Star wars is star wars, no auteur existin a vacuum. Definitely ot all the disney hacks who can't stop themselves from butchering georges Magnum opus
>it's so easy to just steal ideas and make a story lol and get rich!!!
Then why don't you do that. Also you are being completely unfair. George poured his soul into star wars.
to be completely clueless about films and story and tone, themes, et cetera. To just think star wars is a flash Gordon ripoff, they are nothing a like except being in space. You think Kurosawa just got up one day ad decided he wanted to make films without being inspired by anything too? God you midwit Geroge haters know nothing about film making or story crafting. No wonder you all revere the guy who couldn't get the plot to phantom menace within 20 minutes.

I wonder if James Cameron had simply called Jake Sully "Piff Jutiperlancer" instead, it could have reoccurred with Avatar

>Piff Jutiperlancer
That's what you come up with while Geroge comes up with kino soulful character names like Darth Vader, obi-wan, Luke Skywalker, that will be remembered forever. Wow yeah it's so easy user, your shitty OC name is so bad it gave me newfound appreciation for George Lucas
>It's so easy what a hack
>btw here's my best attempt recreating him and I suck huge cock and chode.
Stick with your day job kid, if making a story and film was as easy as you all say why isn't everybody multi billionaires then?

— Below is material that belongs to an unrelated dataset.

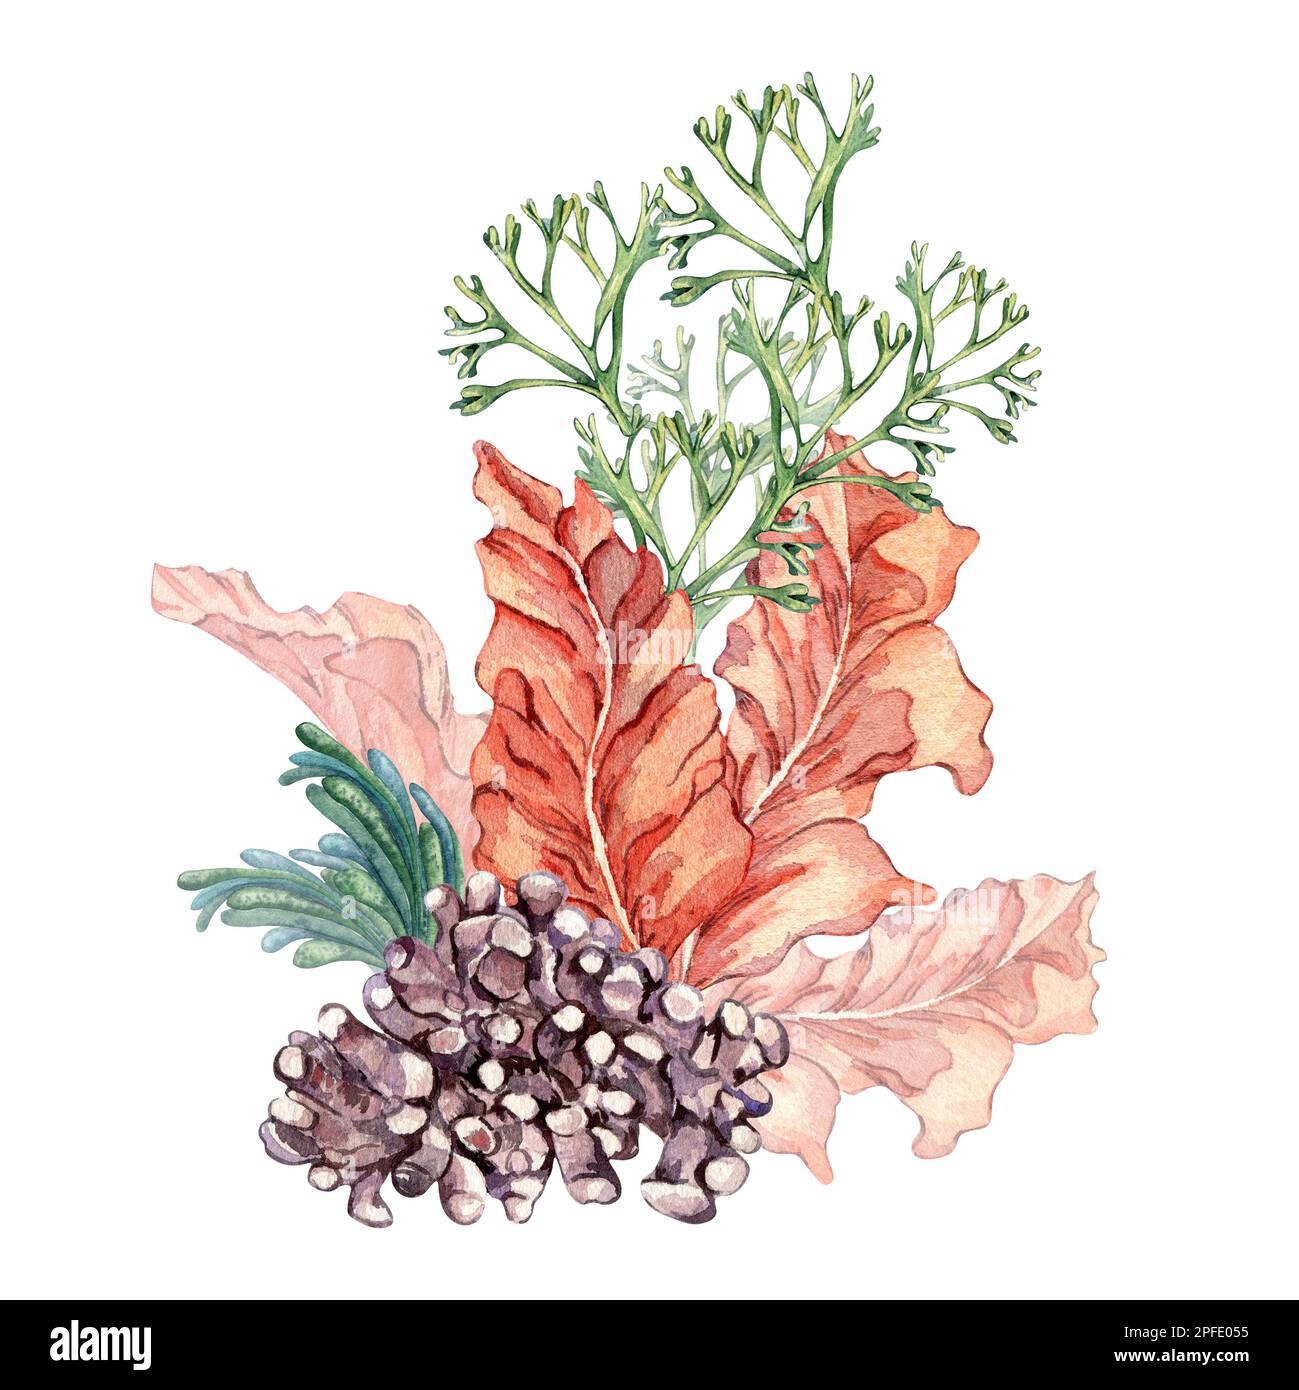 Composition of colorful sea plants watercolor illustration isolated on white. Red porphyra, , purple coral, codium, spirulina hand drawn. Design eleme Stock Photo

the thing about star wars names eg skywalker is the first time you hear them in your life you think "what the fuck that's so stupid. that's ridiculous" but then you see the movie's effects and you forget how its names are cringe

>George spent 5 years working on the star wars screenplay
Because the first couple of drafts were literal dogshit that got turned down by every studio he attempted to sell it to, too bad when it came to the prequels there was no one with any authority to tell him "this is garbage George, go home and polish it up some more".

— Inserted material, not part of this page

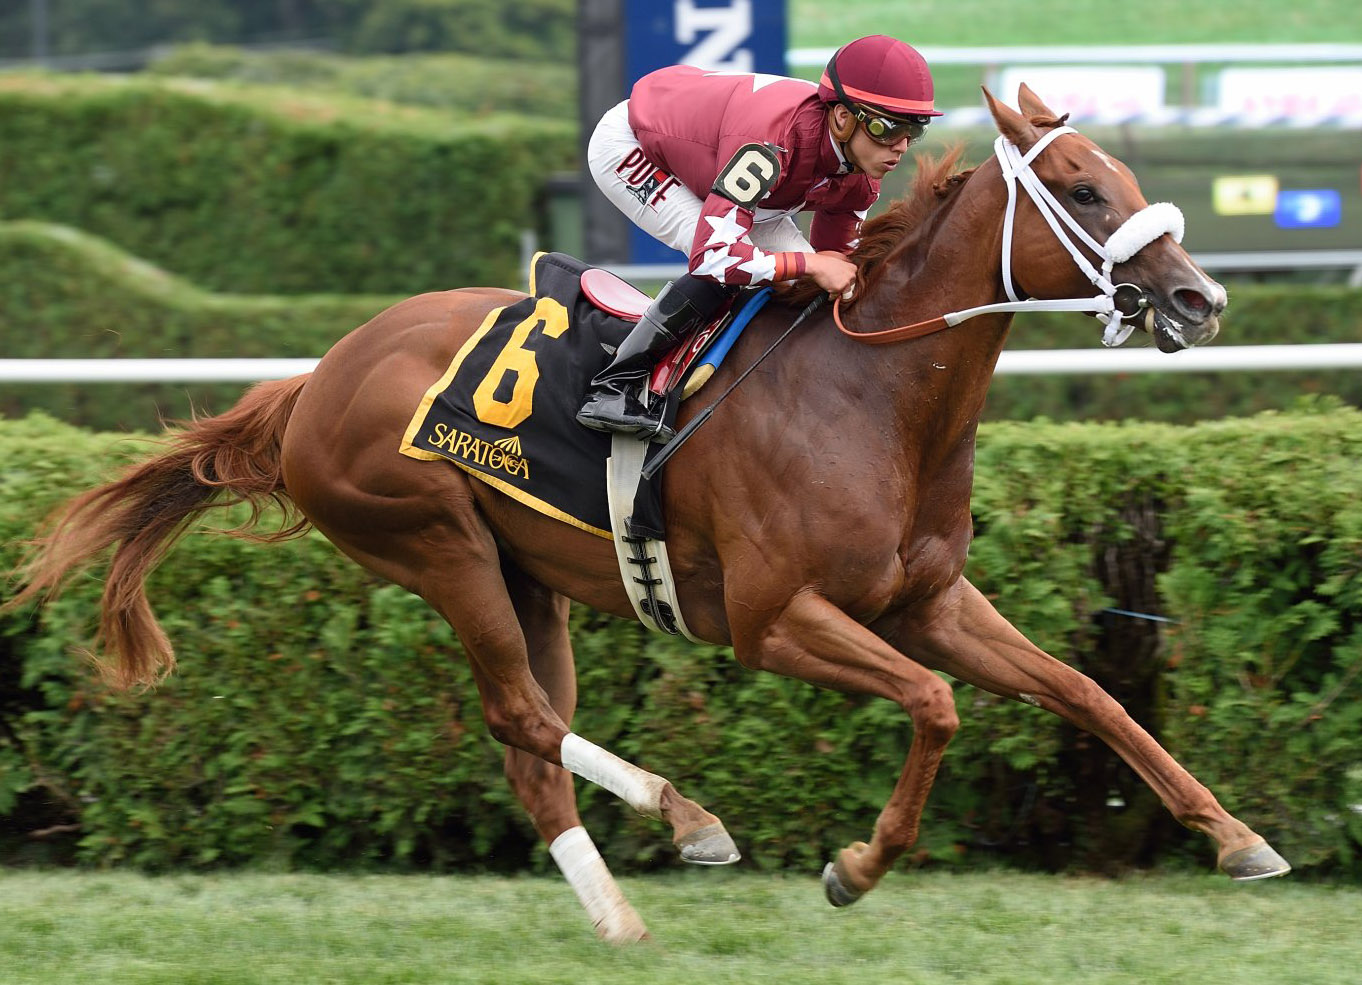 Lady Shipman winning at Saratoga (photo by Chelsea Durand of Thoroughbred Daily News)

Obi-Wan on a giant CGI lizard chasing a CGI lizard droid with asthma in a hamster wheel

You're talking to Rian Johnson fanboys

>giant wall of seething autism
Didn't read. I'm sorry you literally piss and shit yourself when this bargain bin hack gets justly criticized.

>an amazing story
I sincerely wish my standards were as low as yours. Literally everything must seem like kino to you. You're one lucky faggot, user.